• TASK TO CARRY OUT
This exercise requires an exact output of the listing, images omitted.

• PROVIDED MATERIAL
========================================

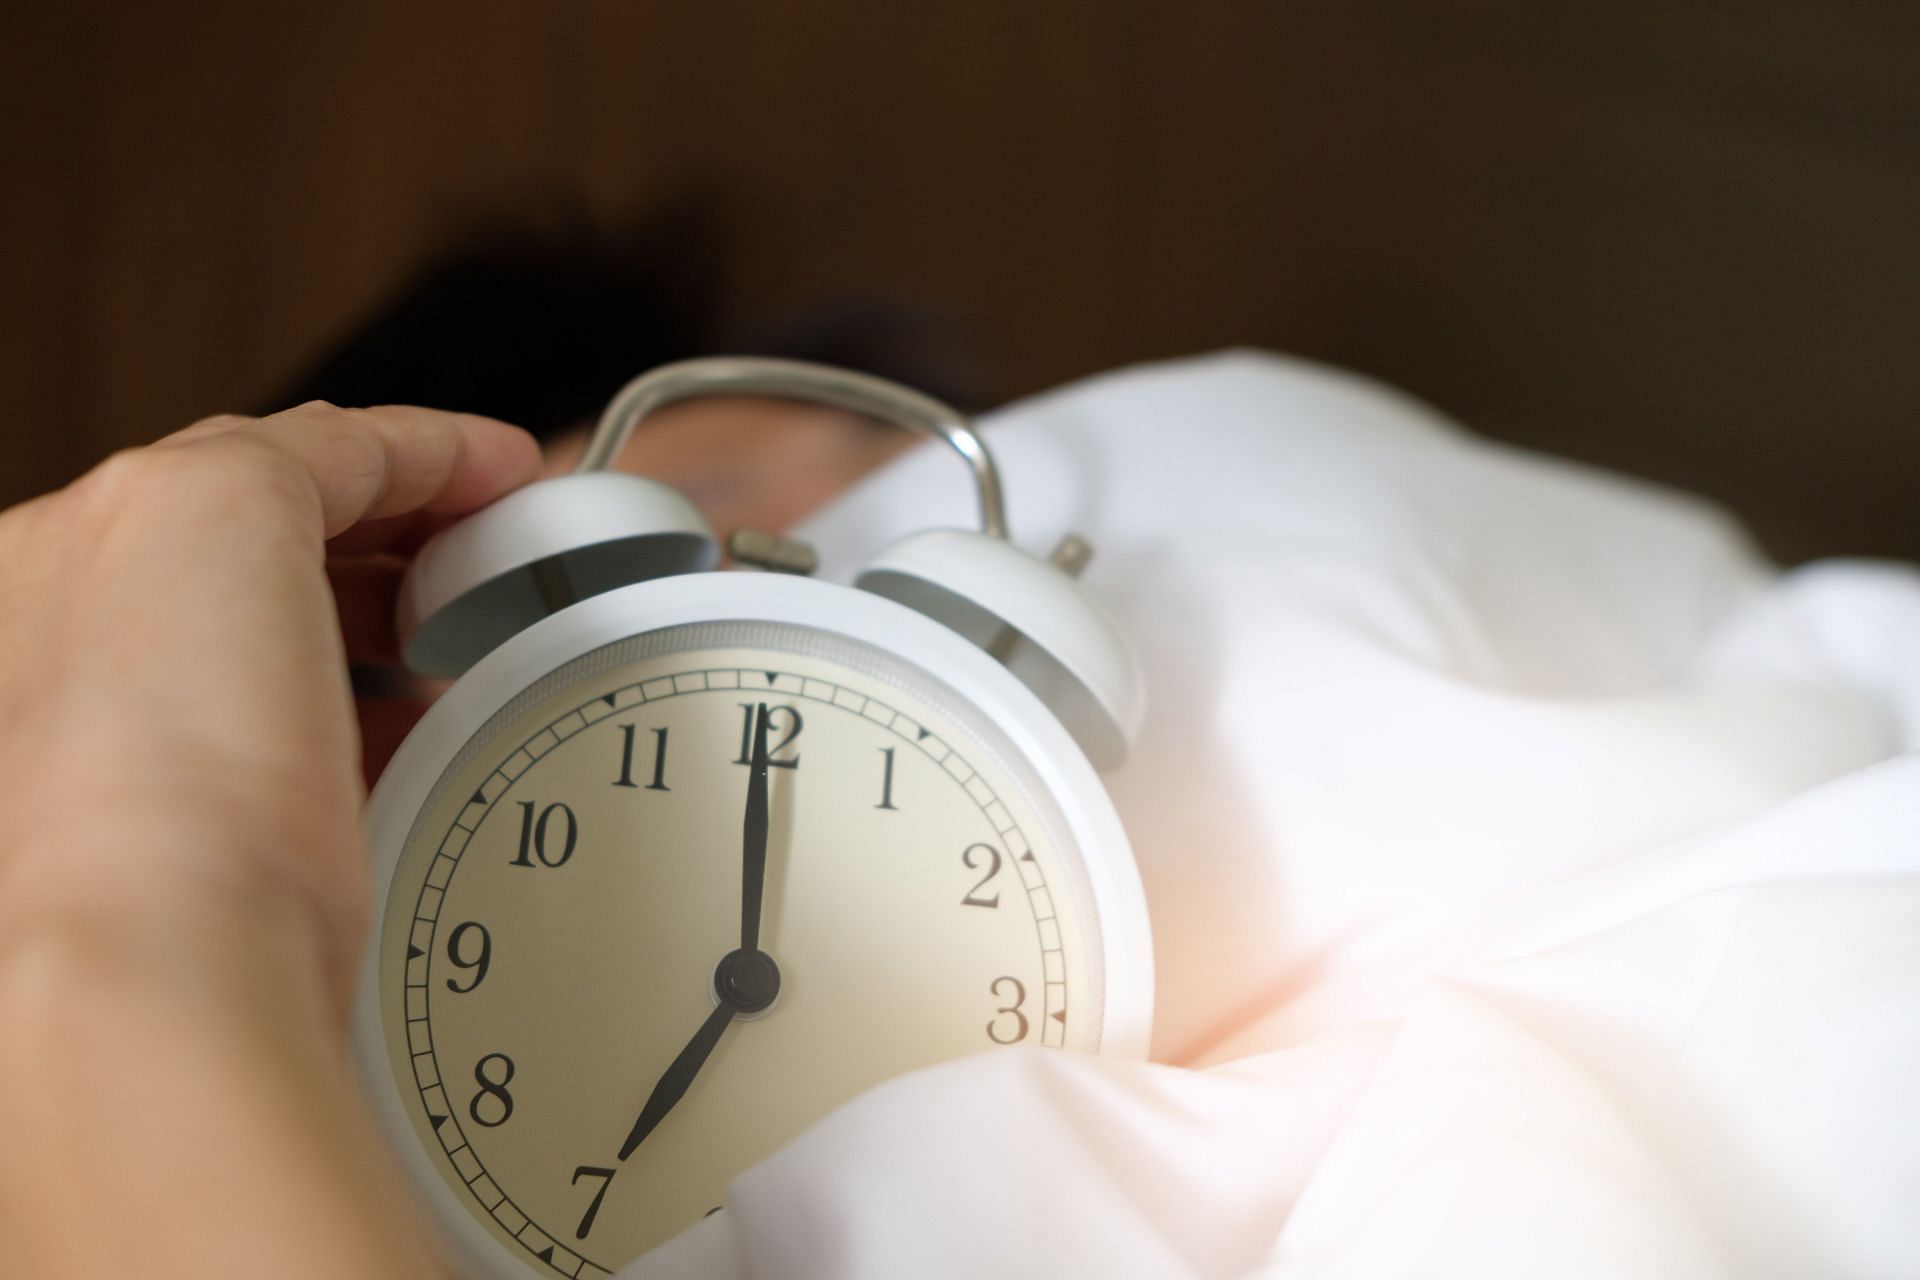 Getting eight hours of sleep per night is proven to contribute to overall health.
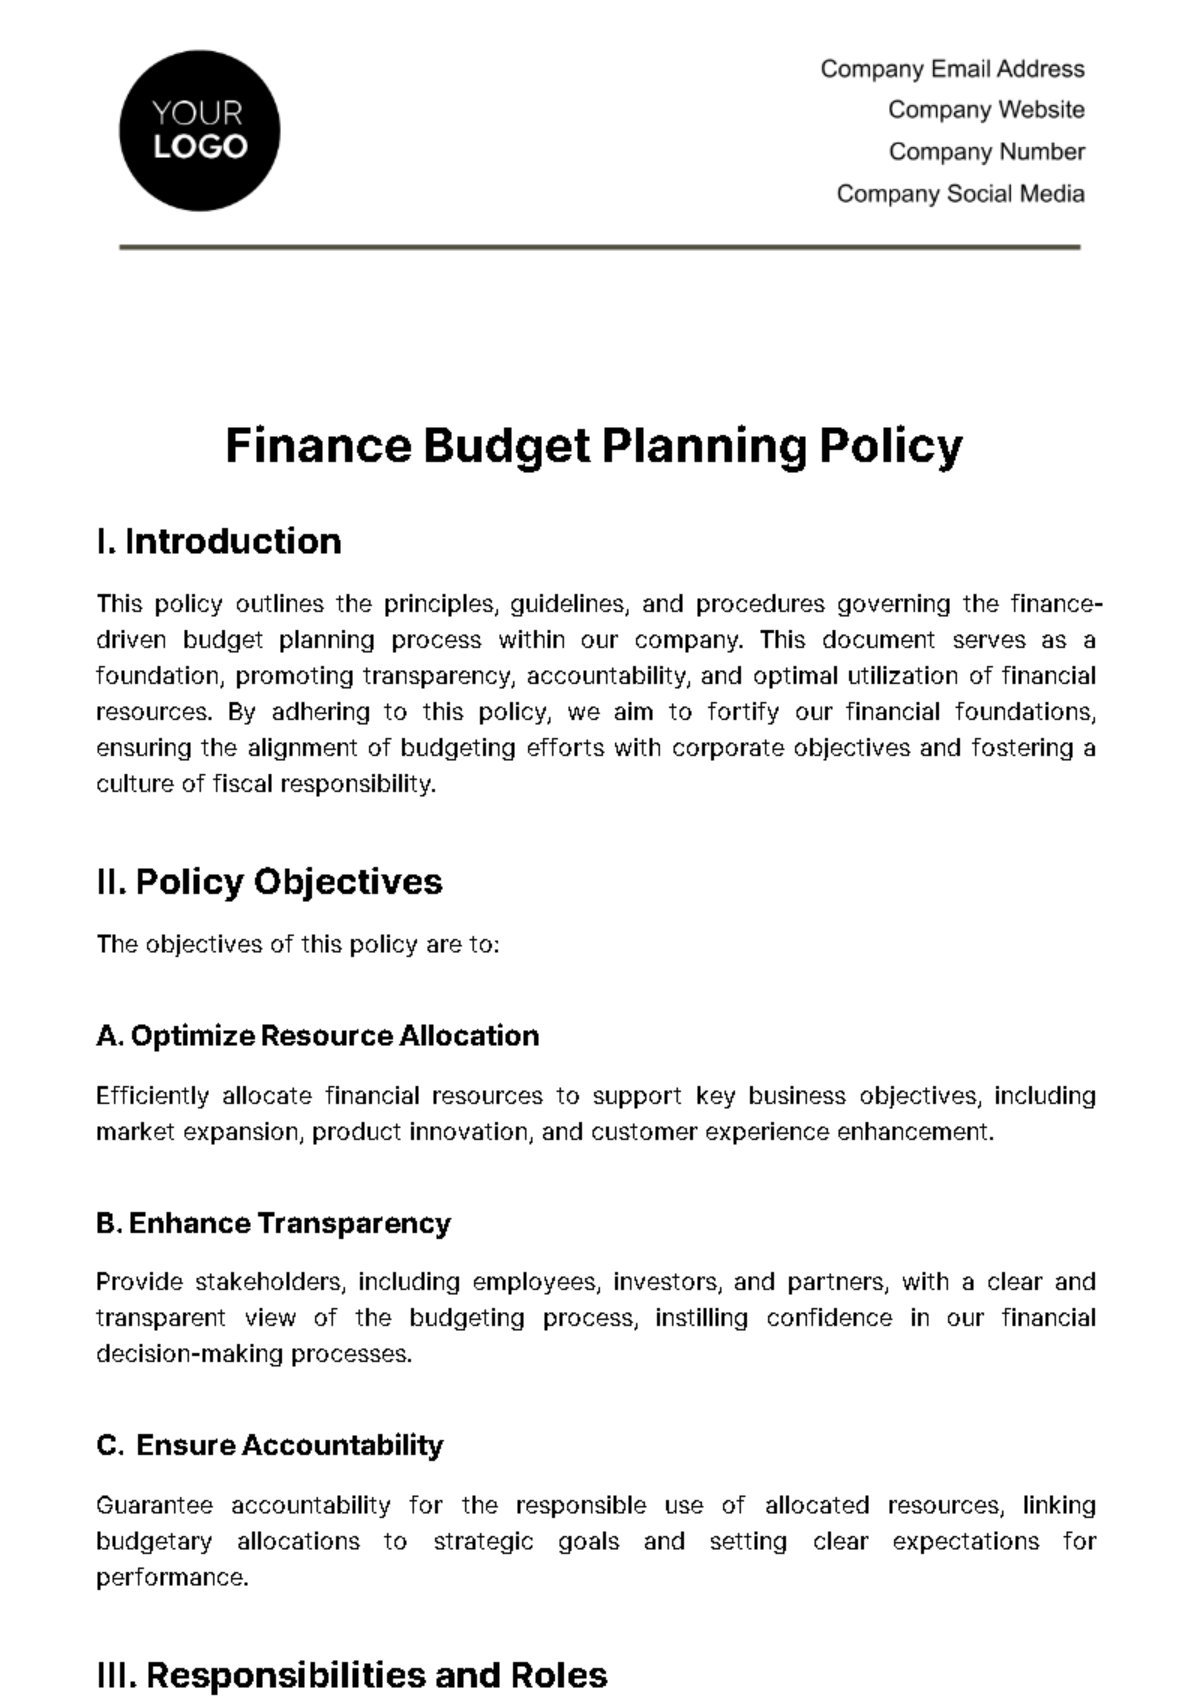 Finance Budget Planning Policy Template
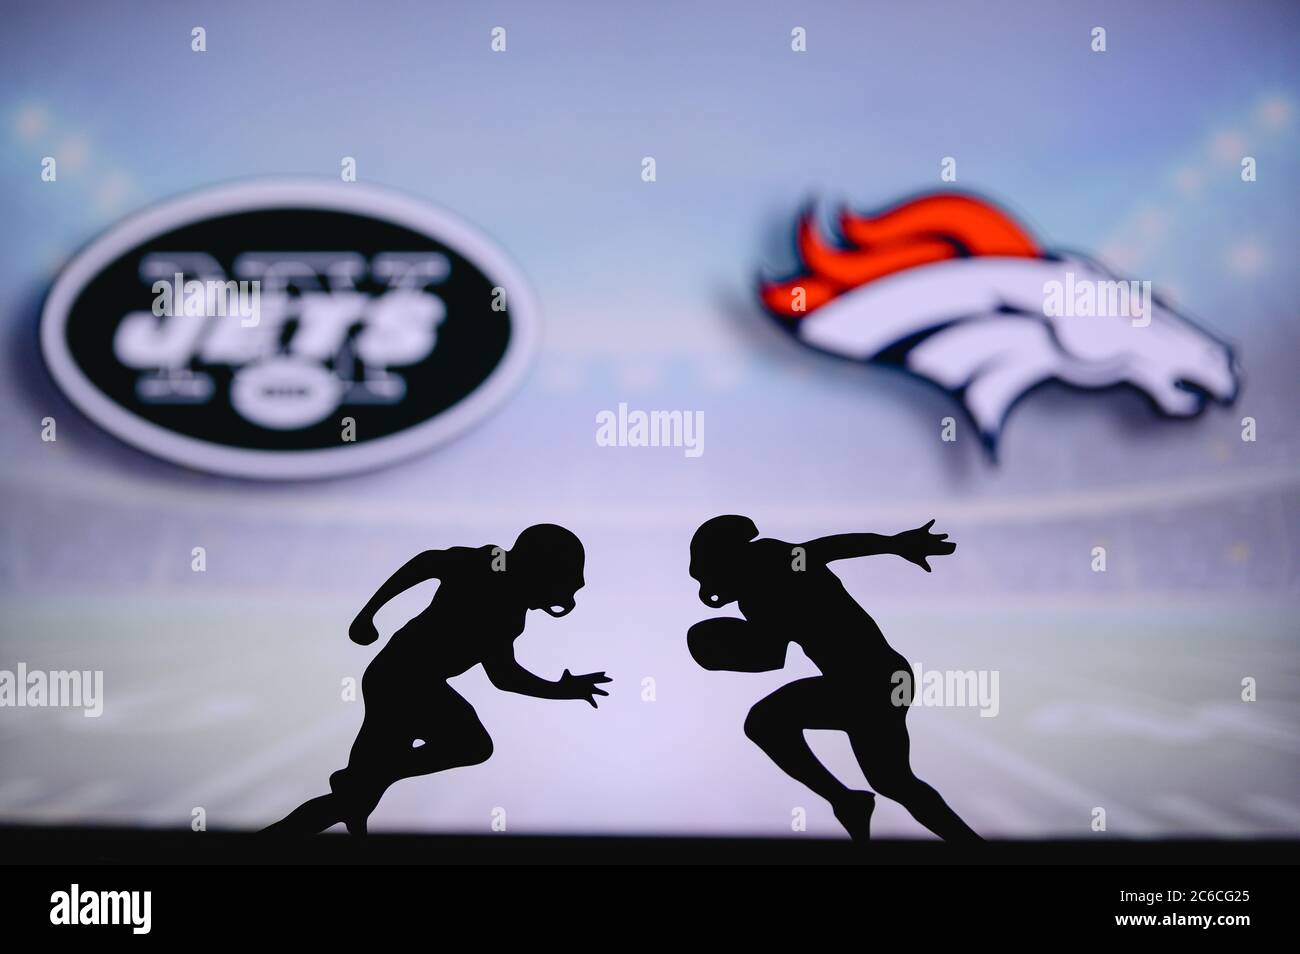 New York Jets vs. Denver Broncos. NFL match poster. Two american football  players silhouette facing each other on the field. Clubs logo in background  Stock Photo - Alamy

========================================

• OUTPUT FOR THIS EXERCISE
 Getting eight hours of sleep per night is proven to contribute to overall health.
 Finance Budget Planning Policy Template
 New York Jets vs. Denver Broncos. NFL match poster. Two american football  players silhouette facing each other on the field. Clubs logo in background  Stock Photo - Alamy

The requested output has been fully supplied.